# [Your instructions]
Every line below from the one with "Created for Chicago" through the one with "Measures: 15.75" is to be repeated exactly, with no picture among them.

# [Exercise material]

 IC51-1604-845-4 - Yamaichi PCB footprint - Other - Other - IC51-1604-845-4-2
--
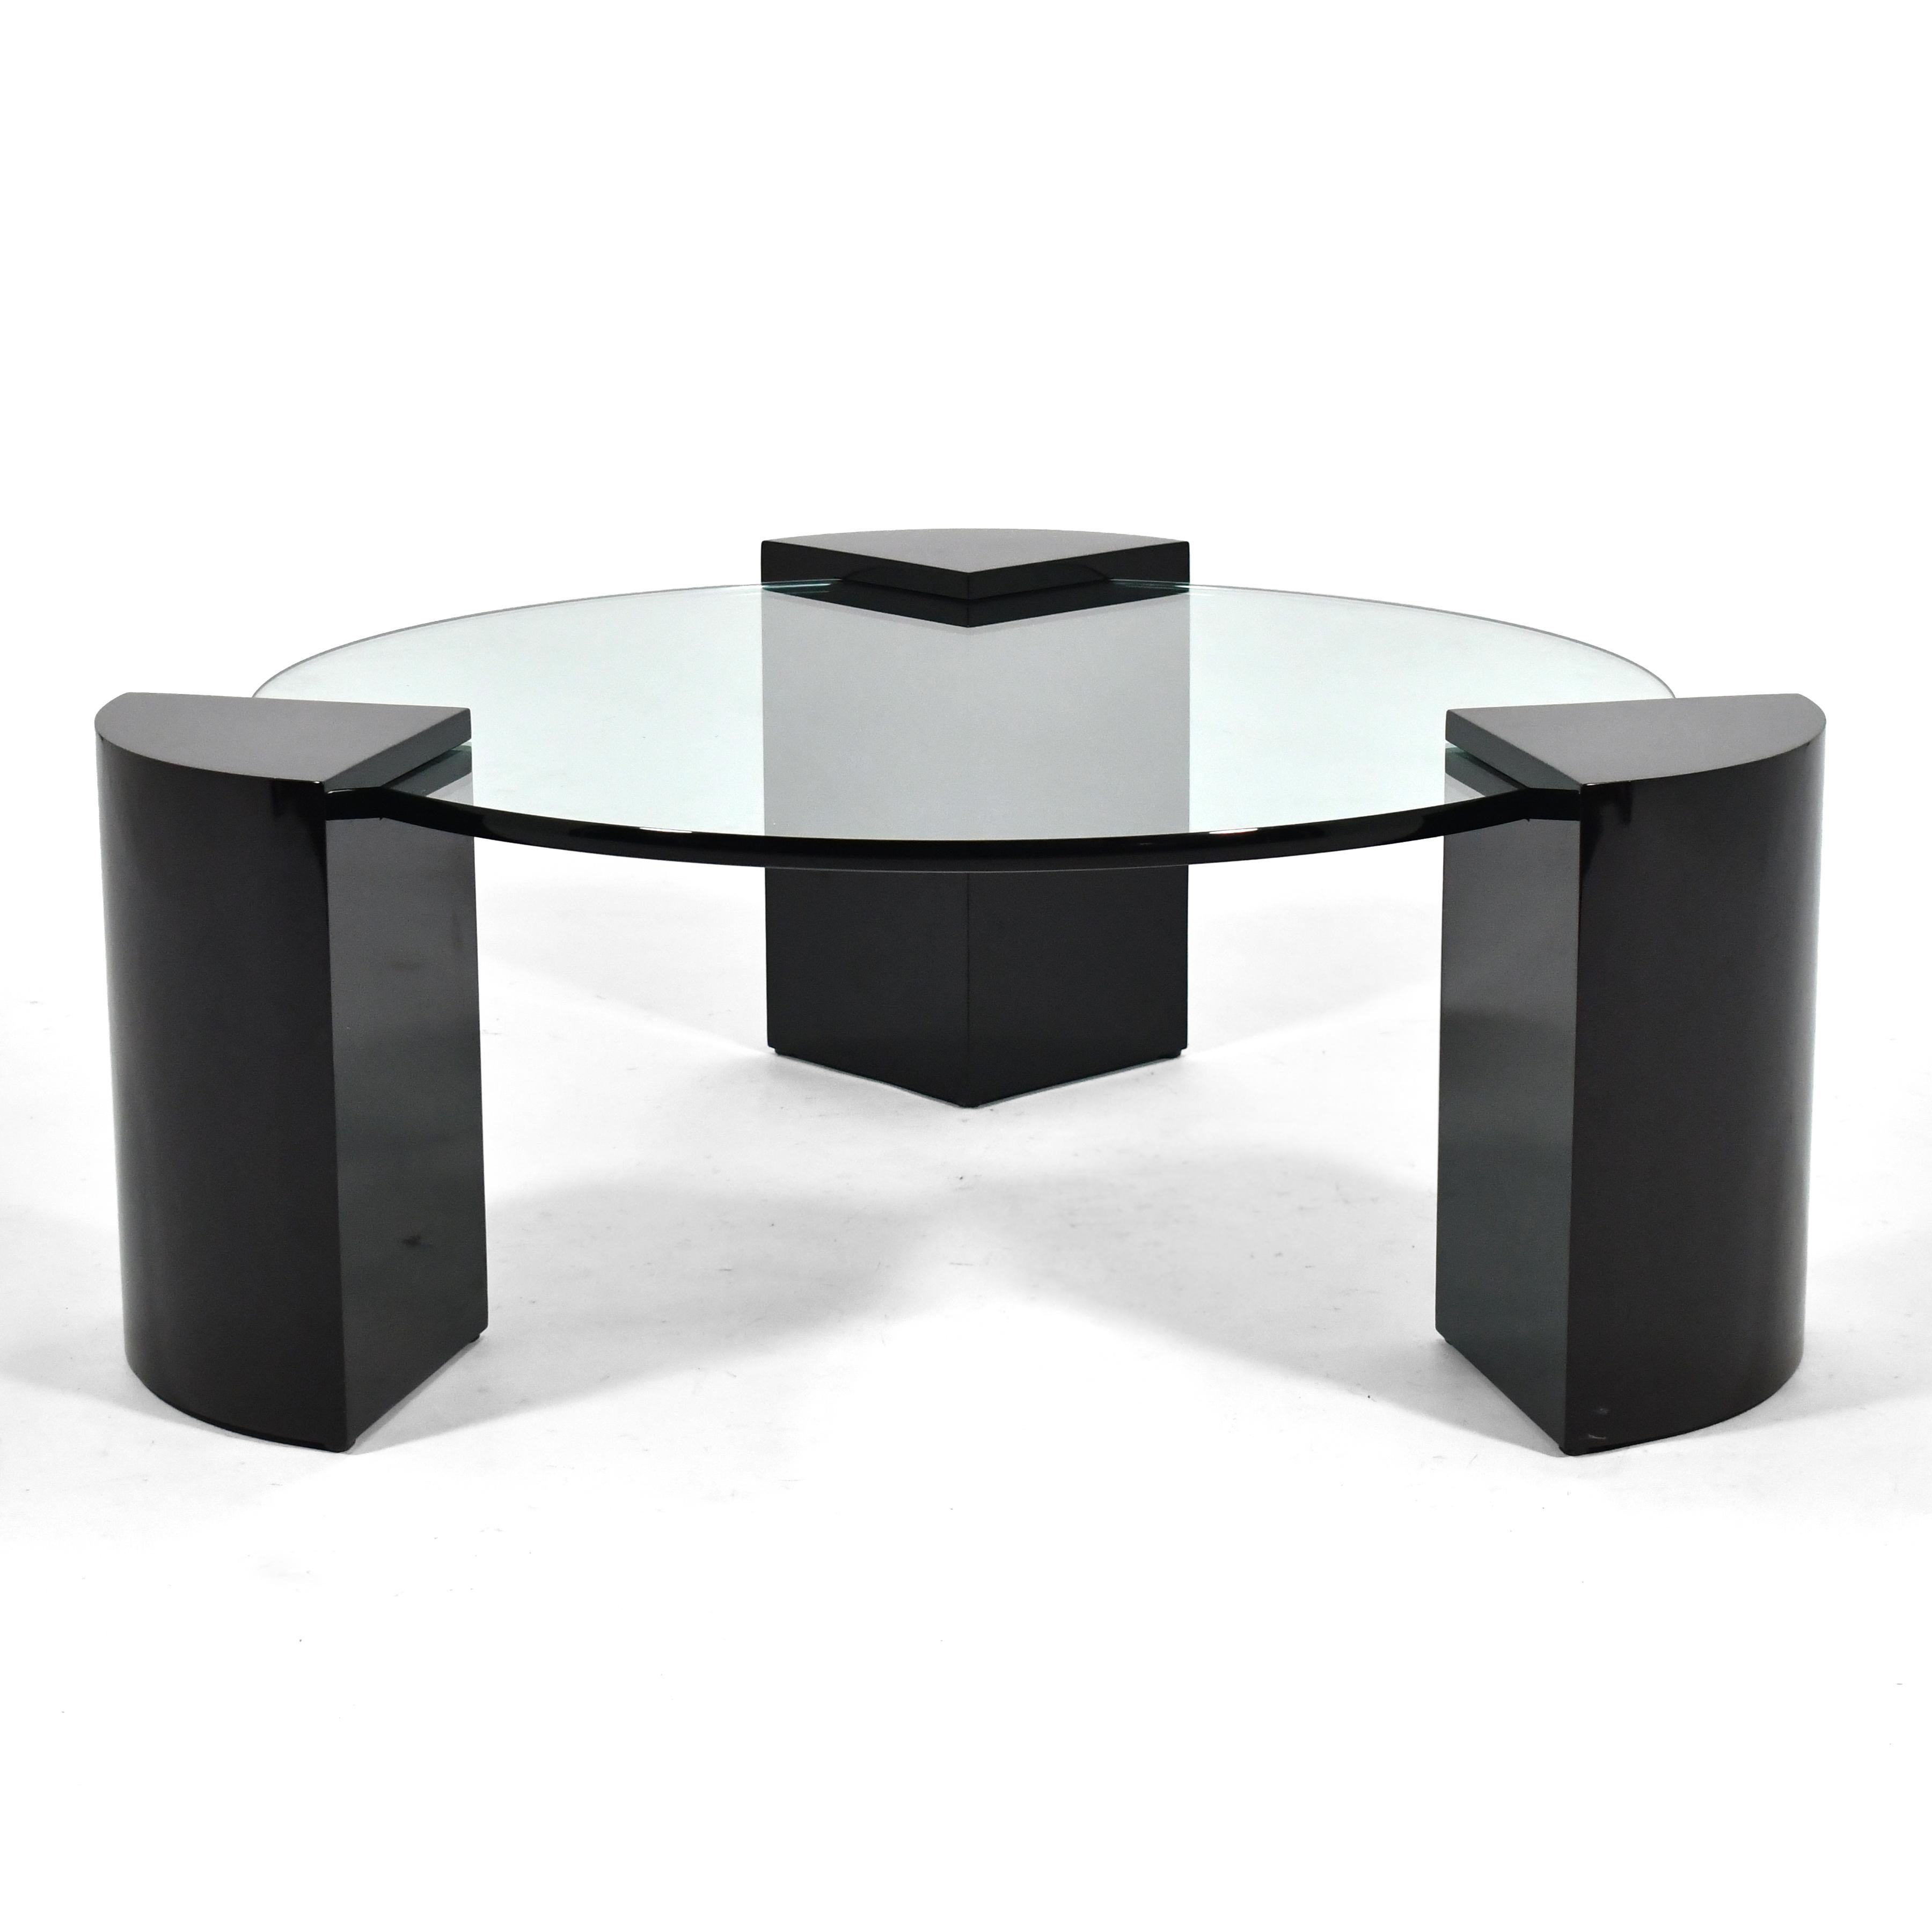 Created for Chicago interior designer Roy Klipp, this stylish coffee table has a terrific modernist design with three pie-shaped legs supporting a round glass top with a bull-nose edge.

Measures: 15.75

# [Reply]
 Created for Chicago interior designer Roy Klipp, this stylish coffee table has a terrific modernist design with three pie-shaped legs supporting a round glass top with a bull-nose edge.

Measures: 15.75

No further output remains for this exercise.